There are a few ways of speeding up modular exponentiation. From here on, I will use ** to denote "exponentiate" and % to denote "modulus".

First a few observations. It is always the case that (a * b) % m is ((a % m) * (b % m)) % m. It is also always the case that a ** n is the same as (a ** floor(n / 2)) * (a ** (n - floor(n/2)). This means that for an exponent <= 1000, we can always complete the exponentiation in at most 20 multiplications (and 21 mods).

We can also skip quite a few calculations, since (a ** b) % m is the same as ((a % m) ** b) % m and if m is significantly lower than n, we simply have multiple repeating sums, with a "tail" of a partial repeat.

Tacklind answered 17/1, 2017 at 11:19 Comment(5)
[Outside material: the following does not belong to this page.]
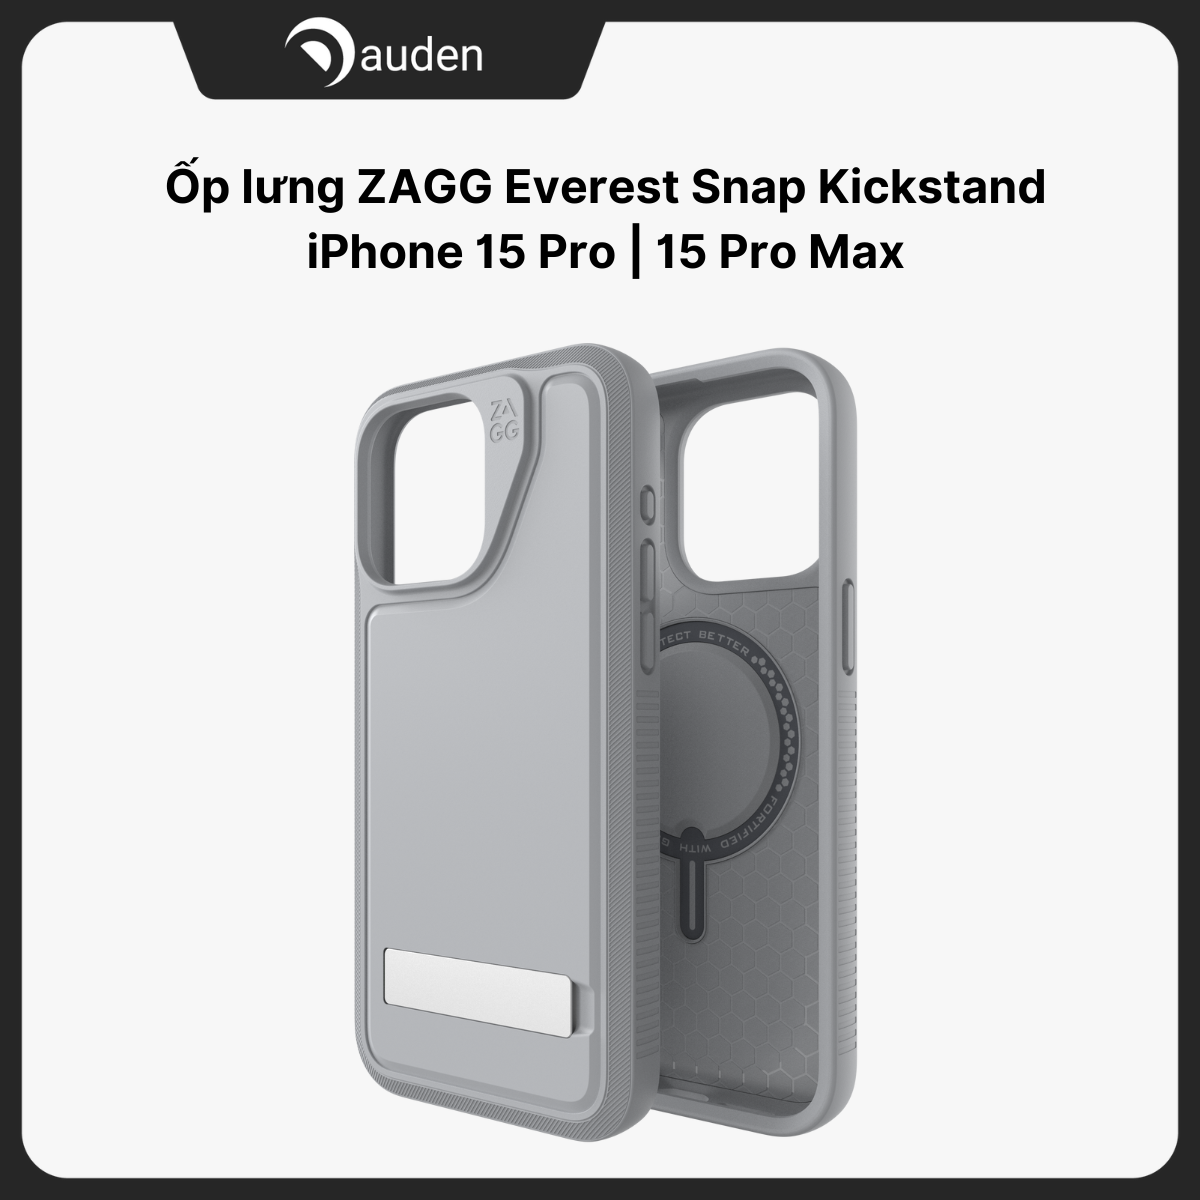 Ốp lưng iPhone 15 Pro iPhone 15 Pro Max ZAGG Everest Snap Kickstand hỗ trợ sạc MagSafe không dây - Hàng chính hãng bảo hành 12 tháng 1 đổi 1

But your algorithm has to calculate 1^x, 2^x, ..., 1000000006^x. It has over 10^9 terms, so you have to iterate over 10^10 times. So, I think it can't pass because the time limit is 2 secs. – Giddings 17/1, 2017 at 11:21

@Giddings Just tested a NOP loop on my laptop, takes ~0.1 seconds to iterate 10 ** 10 times and that is likely dominated by "fork" and "exec". – Tacklind 17/1, 2017 at 11:25

This becomes much easier if x is odd, because, for example, 1000000006 is congruent to -1, so 1^x and 1000000006^x cancel out, and so do many other terms. I don’t see a shortcut if x is even, though. – Outbrave 17/1, 2017 at 11:26

And if x is known in advance, you could build a closed formula for the (non-mod) sum of exponentials. But, yes, you can probably collapse this to "calculate 500000003 ** x % m; multiply by floor(n / m); loop for i from 1 to n % m, exponentiate and sum" – Tacklind 17/1, 2017 at 11:30

@Tacklind 500000003 is cancelled by 500000004 for odd x. Therefore for odd x and n=m the sum equals zero. – Atherton 17/1, 2017 at 16:51

I think Vatine’s answer is probably the way to go, but I already typed this up and it may be useful, for this or for someone else’s similar problem.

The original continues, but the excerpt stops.